**Work item:** What you write must be the lines from the one holding "A-Table Shelf 58 cm, White" through the final line of the records below, reproduced exactly, minus the pictures.

Stored data:
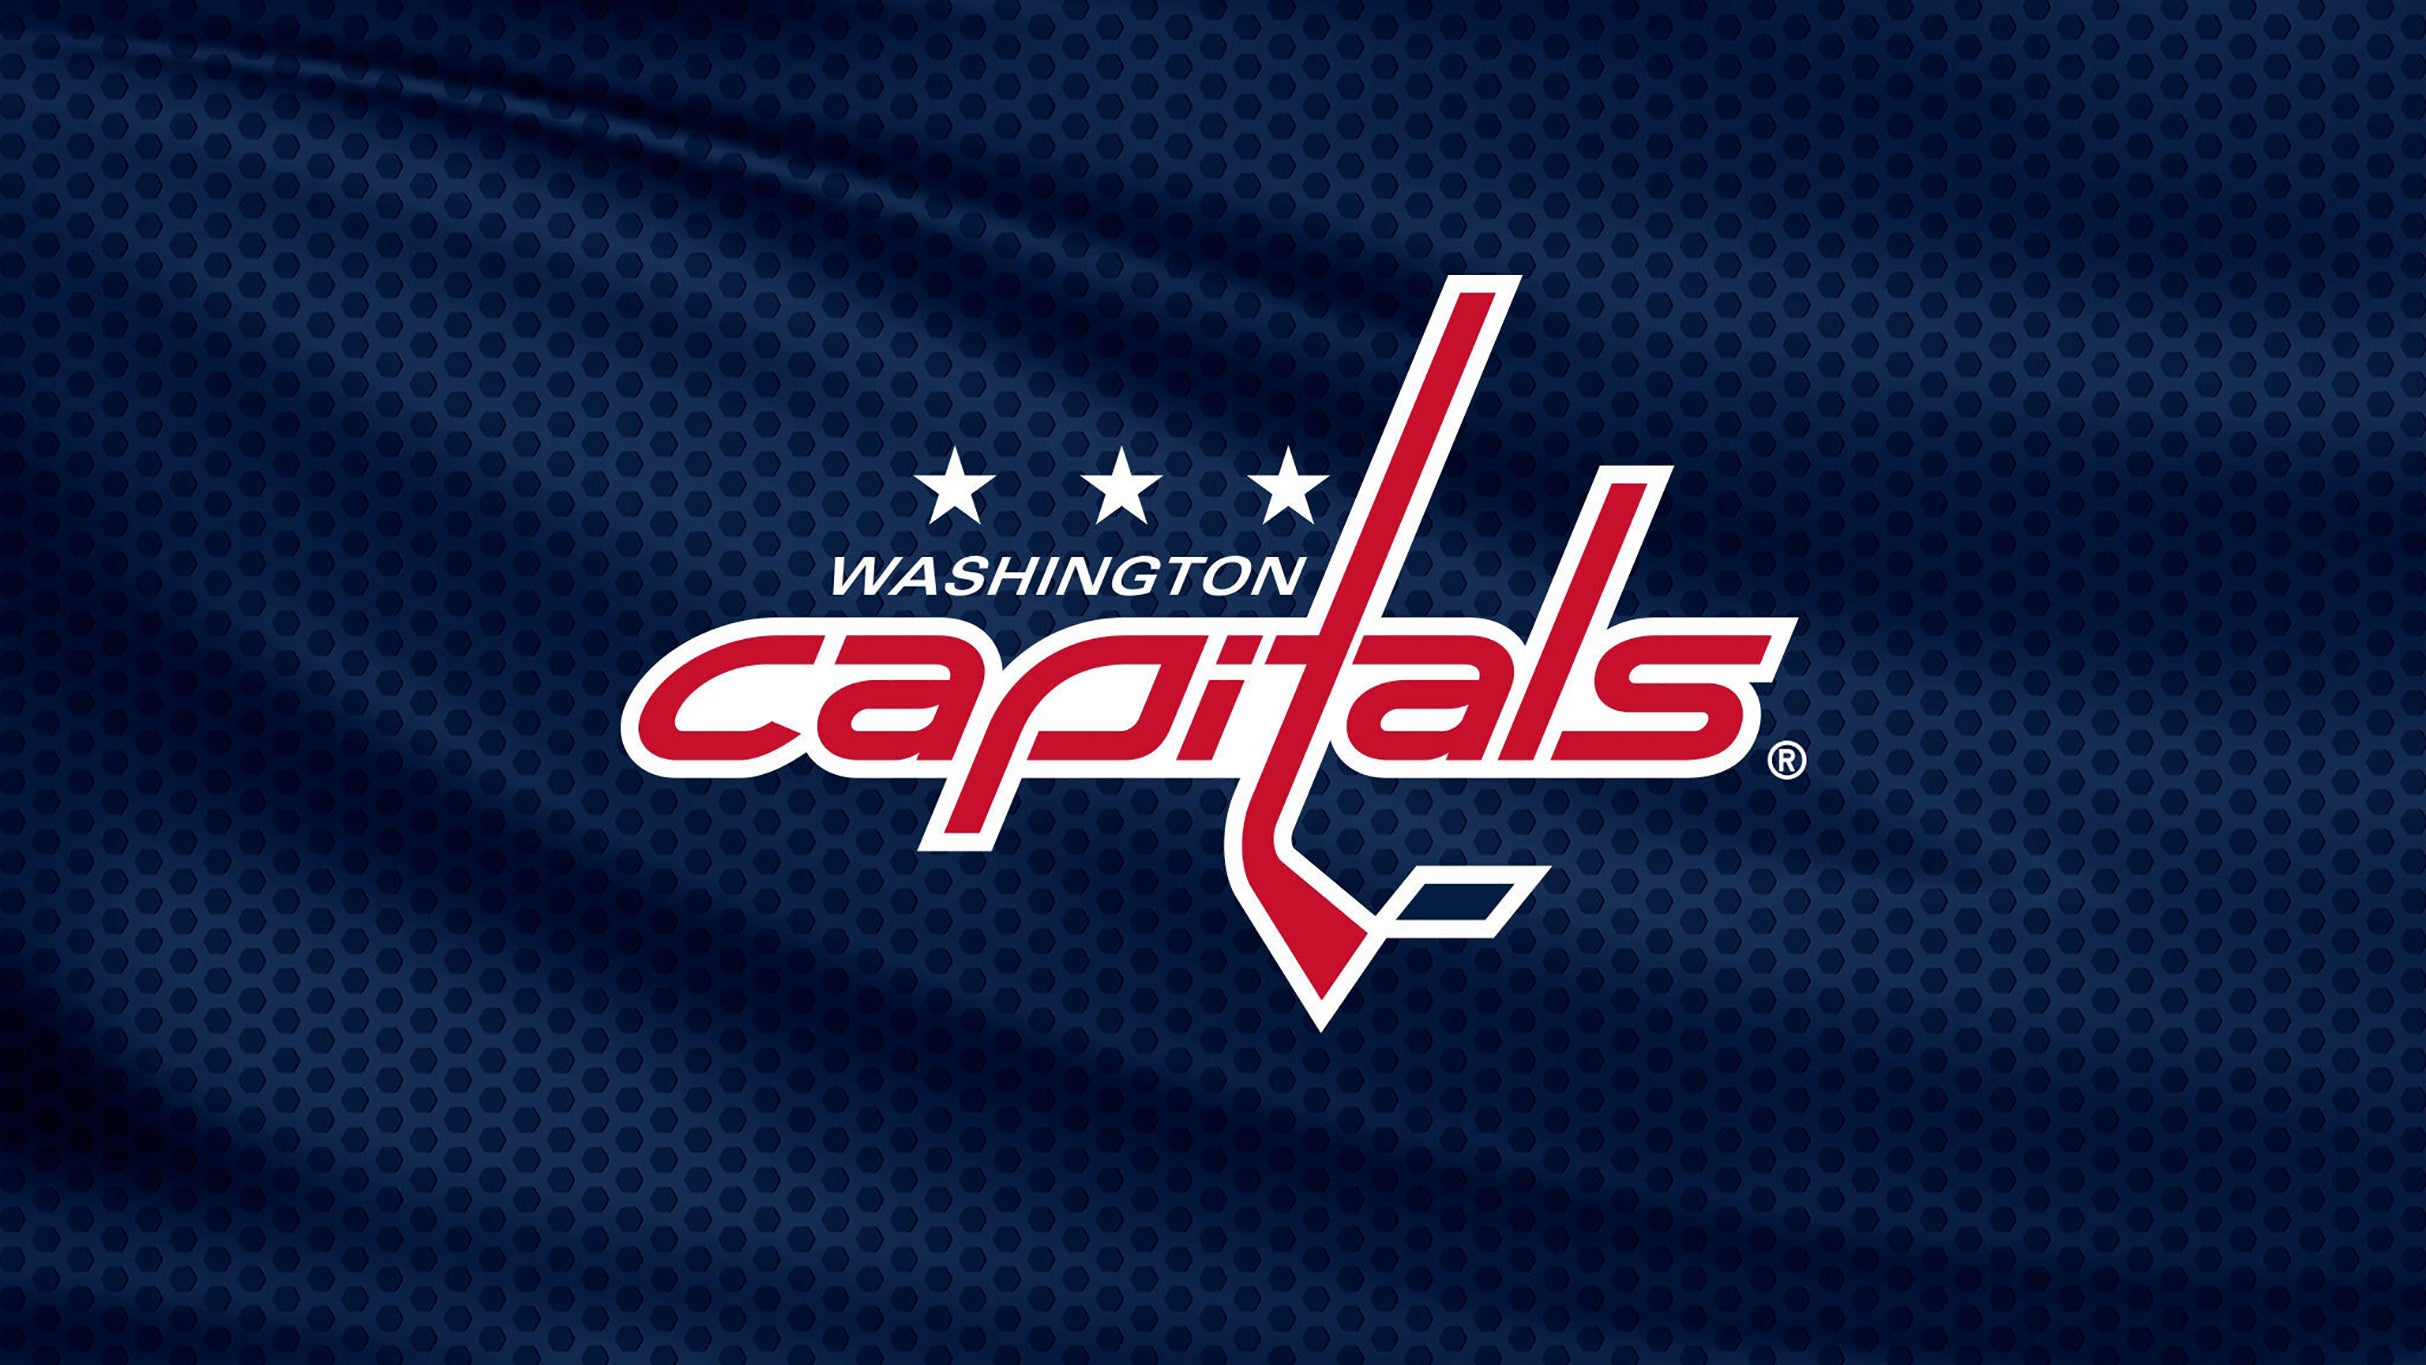 Capitals vs Blackhawks (Women in Hockey) - Washington, DC 20004
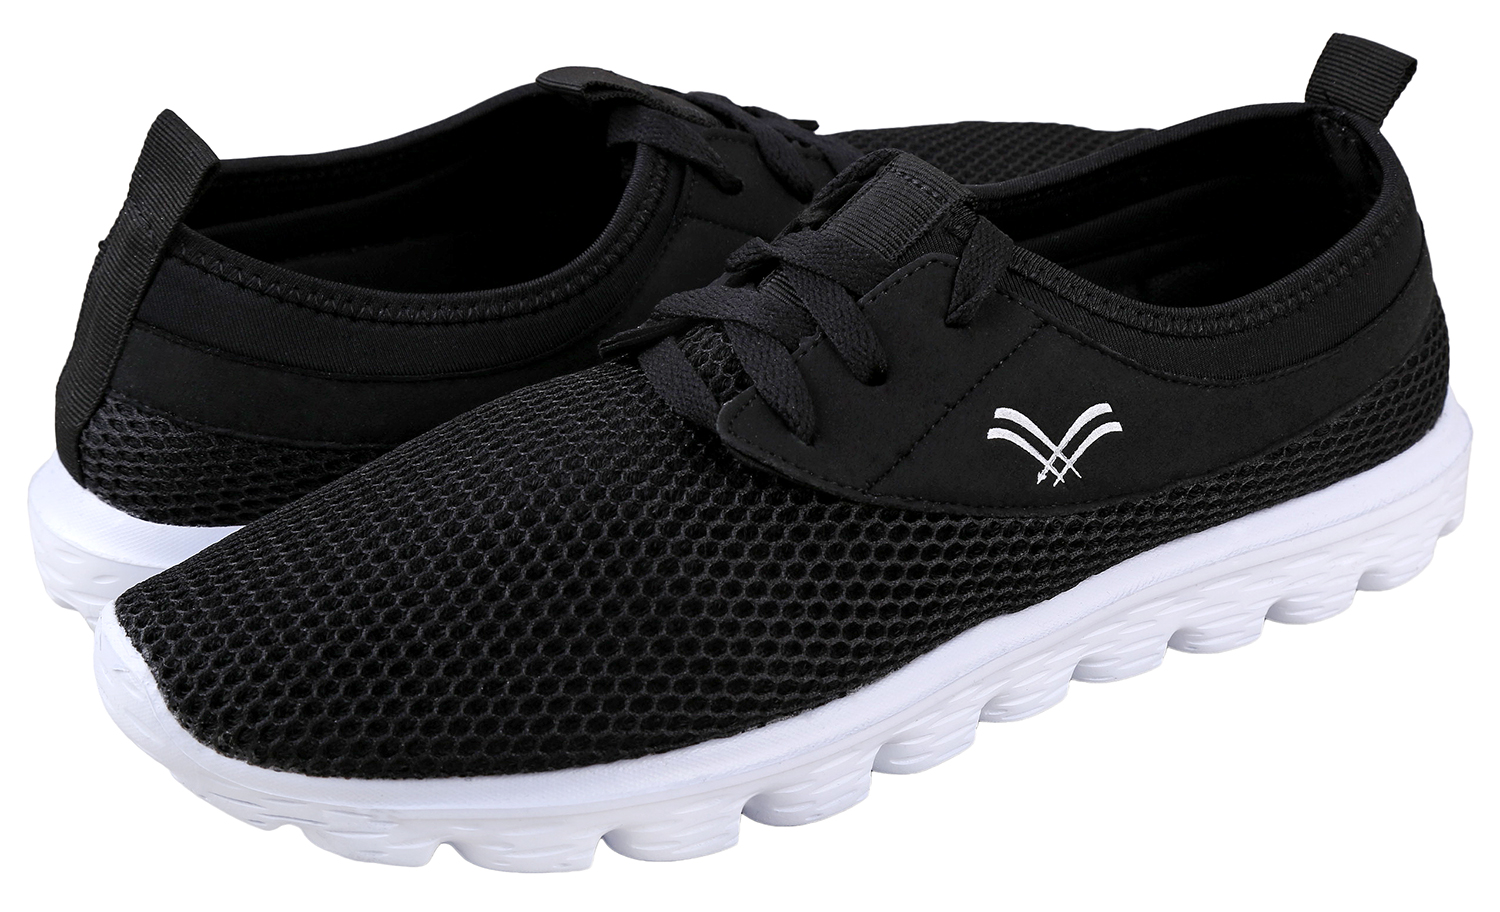 Urban Fox Men's Breeze Lightweight Shoes | Lightweight Shoes for Men | Casual Shoes | Walking Shoes for Men | Black/White 11 M US - image 5 of 7
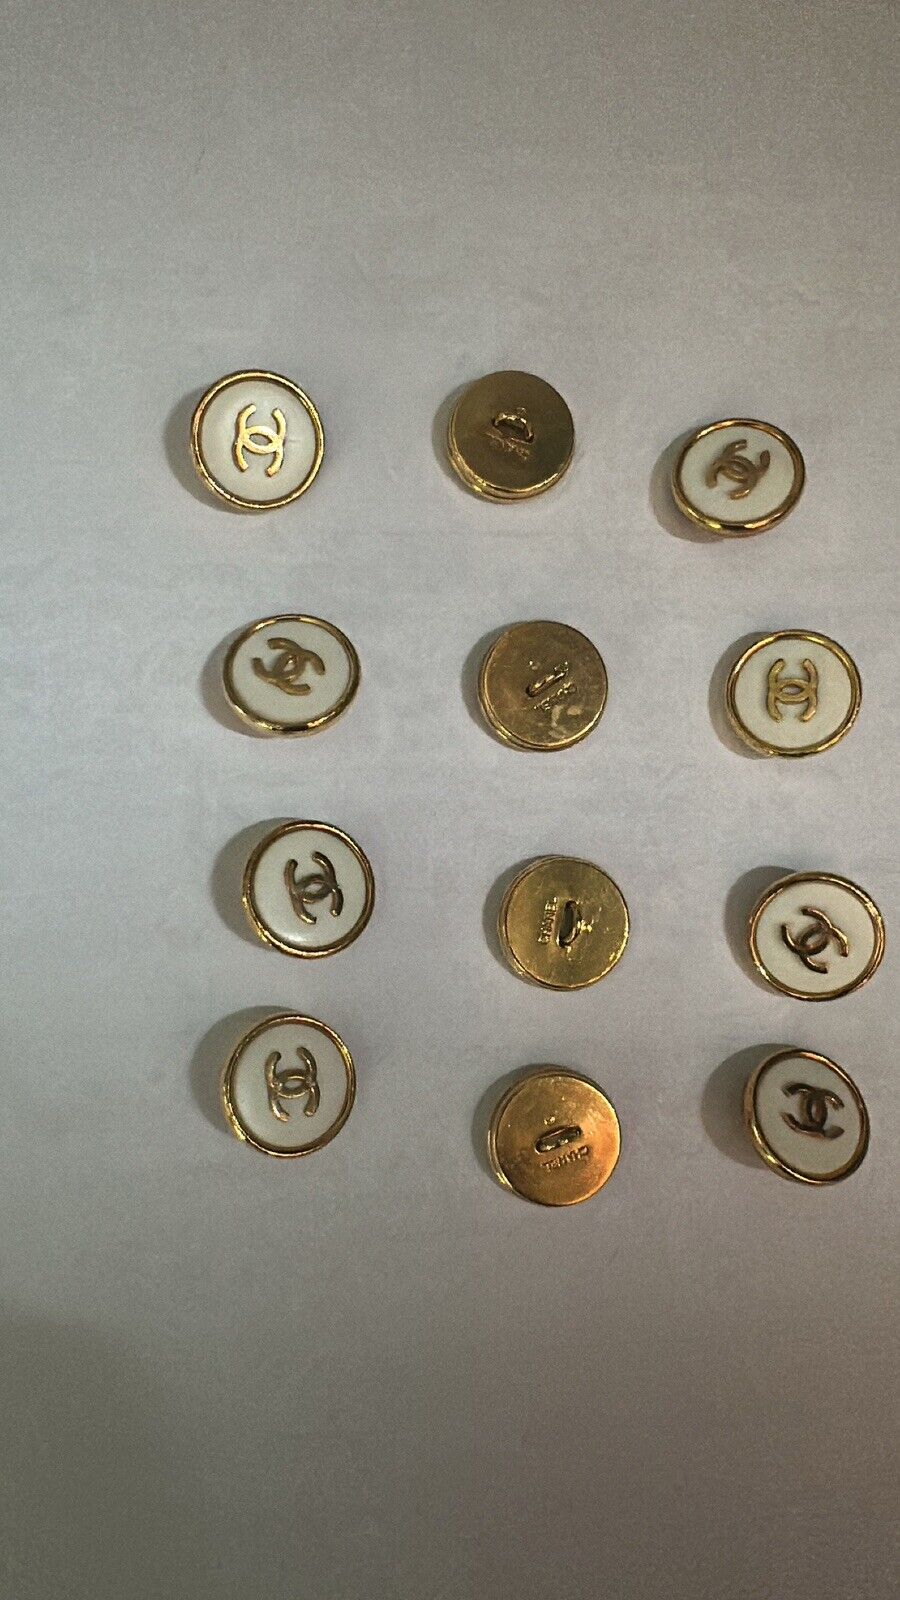 Authentic Chanel Buttons Set of 4 Pcs
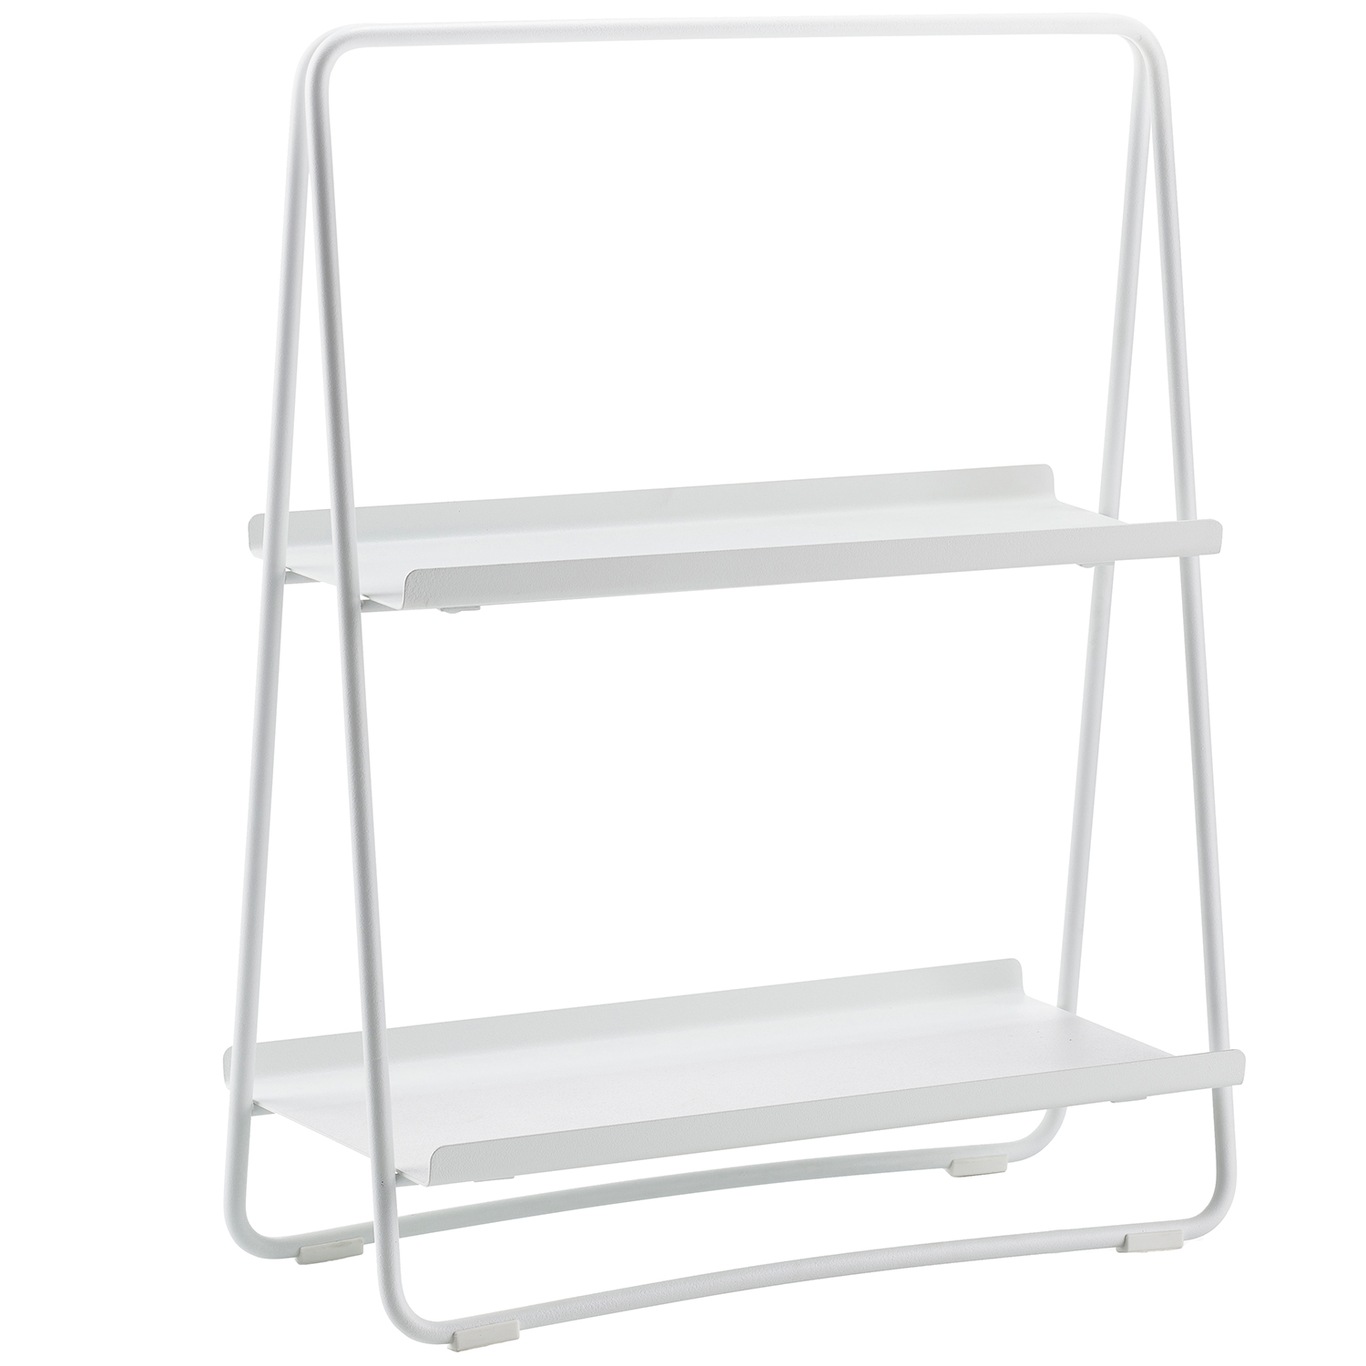 A-Table Shelf 58 cm, White
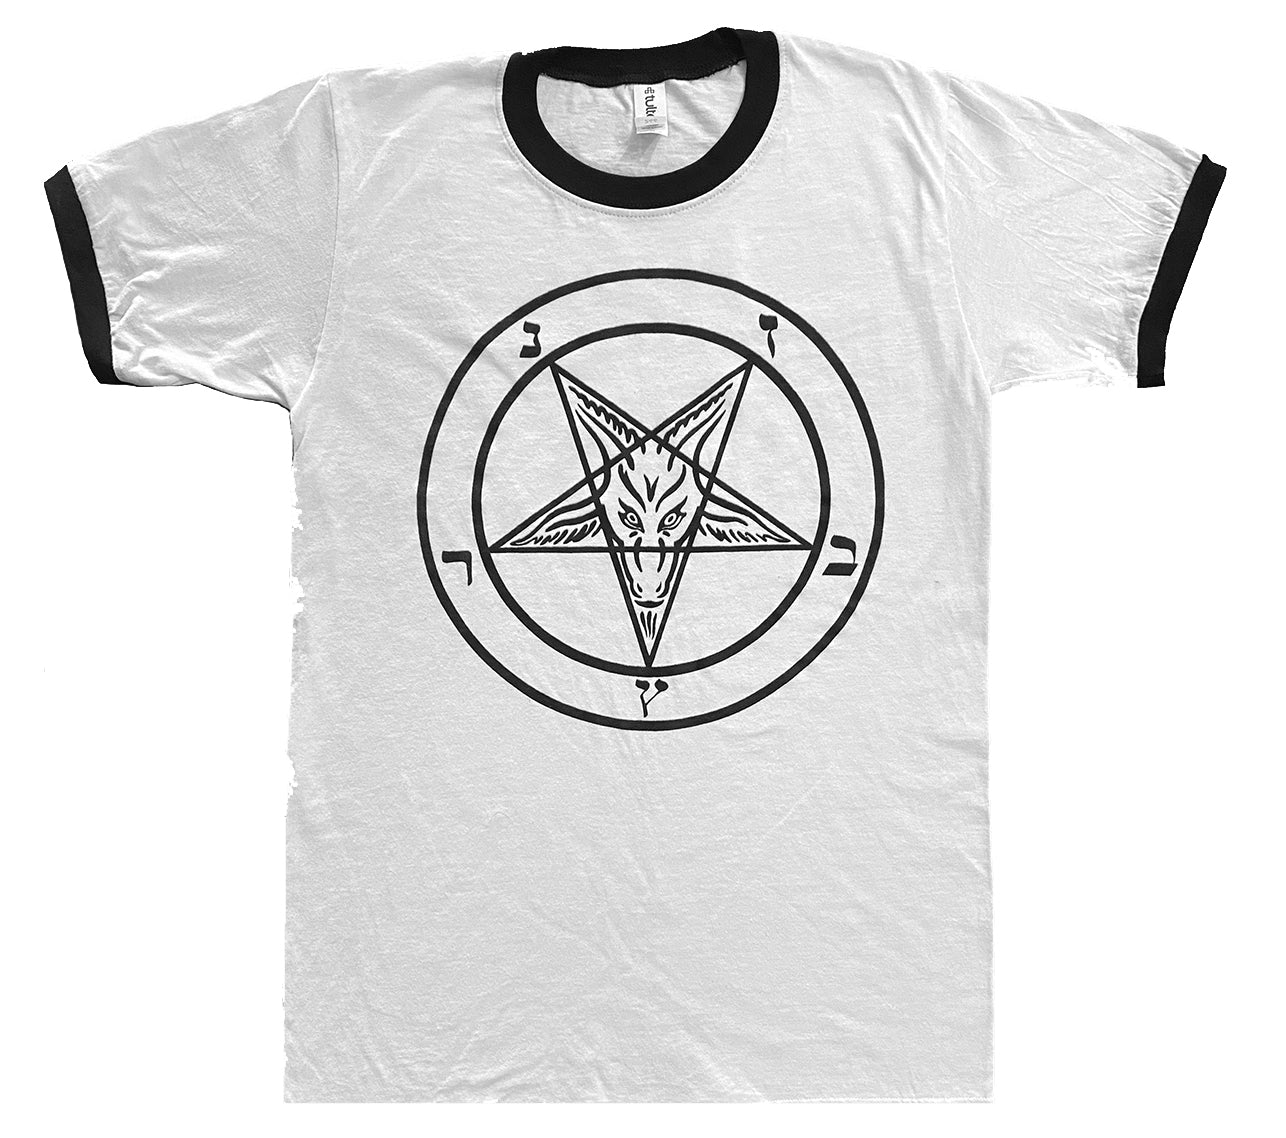 Pentagram Ringer T shirt  Super stylish satanic / witchy / halloween Tee , white body T shirt with black printed Pentagram design

**Answer for the task:**
 A-Table Shelf 58 cm, White
 Pentagram Ringer T shirt  Super stylish satanic / witchy / halloween Tee , white body T shirt with black printed Pentagram design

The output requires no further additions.